I couldn’t stop to staunch it. Grabbing the automatic rifle from where I had leaned it against the wall, I jammed it between the door frame and the massive panel itself. I had counted on the door being delicately counter-balanced, so that the rifle would be solid enough to keep it from closing.
There was no time to see if it was going to work. I had to put the next part of my plan into operation. Since I wasn’t about to stick my head around the door frame to see how effective my lob shot with a ball of fire had been, I used the mirrored door I had removed from the bathroom medicine cabinet. Angling it around the frame and fully expecting my makeshift periscope to be cracked by Mustapha’s next bullet, I took a look at the scene outside.
I had missed my target, the recess behind the basement stairway. Instead, the homemade fireball had landed beside the oil burner. As I watched, Mustapha, obviously fearing that the big heating unit might explode, darted from his hiding place and scooped up the still blazing bundle in both hands, keeping it at arm’s length so the flames wouldn’t singe him. That meant he either had discarded his gun or jammed it back under his belt. I didn’t wait to see anymore. Dropping the mirror, I drew my Luger and stepped outside, realizing as I did that my rifle wedge had been successful in keeping the concrete-sheathed door from closing.
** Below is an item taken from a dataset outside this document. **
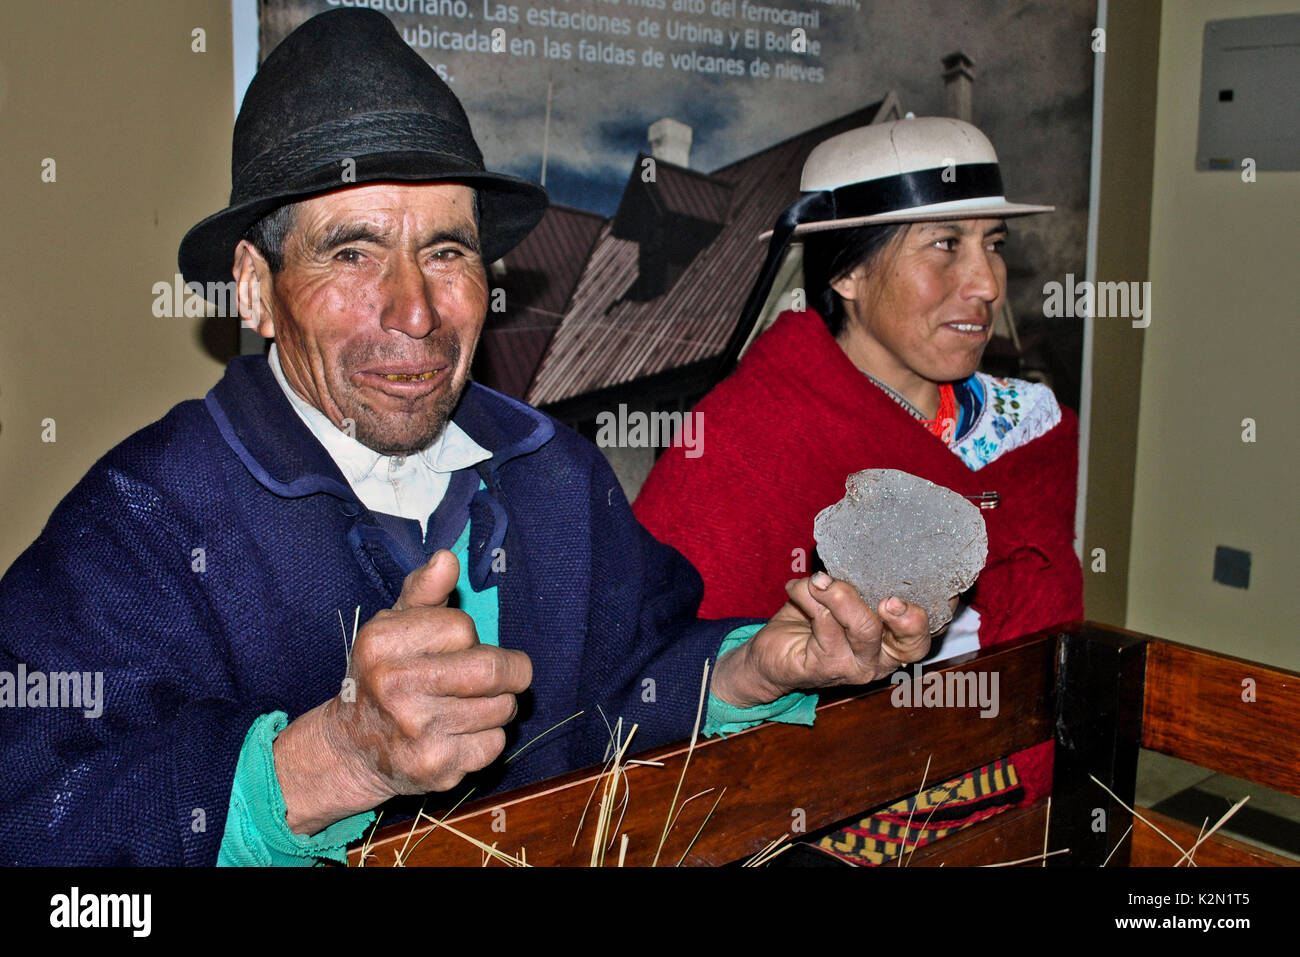 Baltasar Ushca, das letzte Eis des Chimborazo, Kaufmann und seine Tochter. Er zeigt ein Stück Natur Eis von Chimborazo der Eiszeit. Chimborazo. Stockfoto

Mustapha still held the ball of fire, looking desperately around the basement for some place to throw it. Then he spotted me standing before him with a gun leveled, and his already frightened eyes widened further. I could tell he was going to throw the flaming wad at me, so I squeezed the trigger. I never got a chance to see if I hit him.
The crack of my Luger was lost in the explosion that engulfed the Sword’s co-conspirator. I don’t know whether my slug detonated the pressurized shaving cream can, or if the heat from the blazing plastic touched off the bomb. Maybe it was a combination of both. Mustapha had raised the bundle to toss it my way and the blast caught him full in the face. Knocked to my knees by the force of the explosion, I watched as his features disintegrated. Just as the cellar went dark again — the explosion snuffed out the flames — it appeared to me as if the killer’s eyeballs had turned to liquid and were streaming down his cheeks.
Shaken, but unhurt, I stumbled to my feet and heard Sherima screaming inside the room that had been her torture chamber not long before.
“Nick! Nick! Are you all right? What happened?”
I stepped back into the doorway so she could see me.
“Score two points for our team,” I said. “Now help me get this stuff off my arm. Everything’s going to be all right.”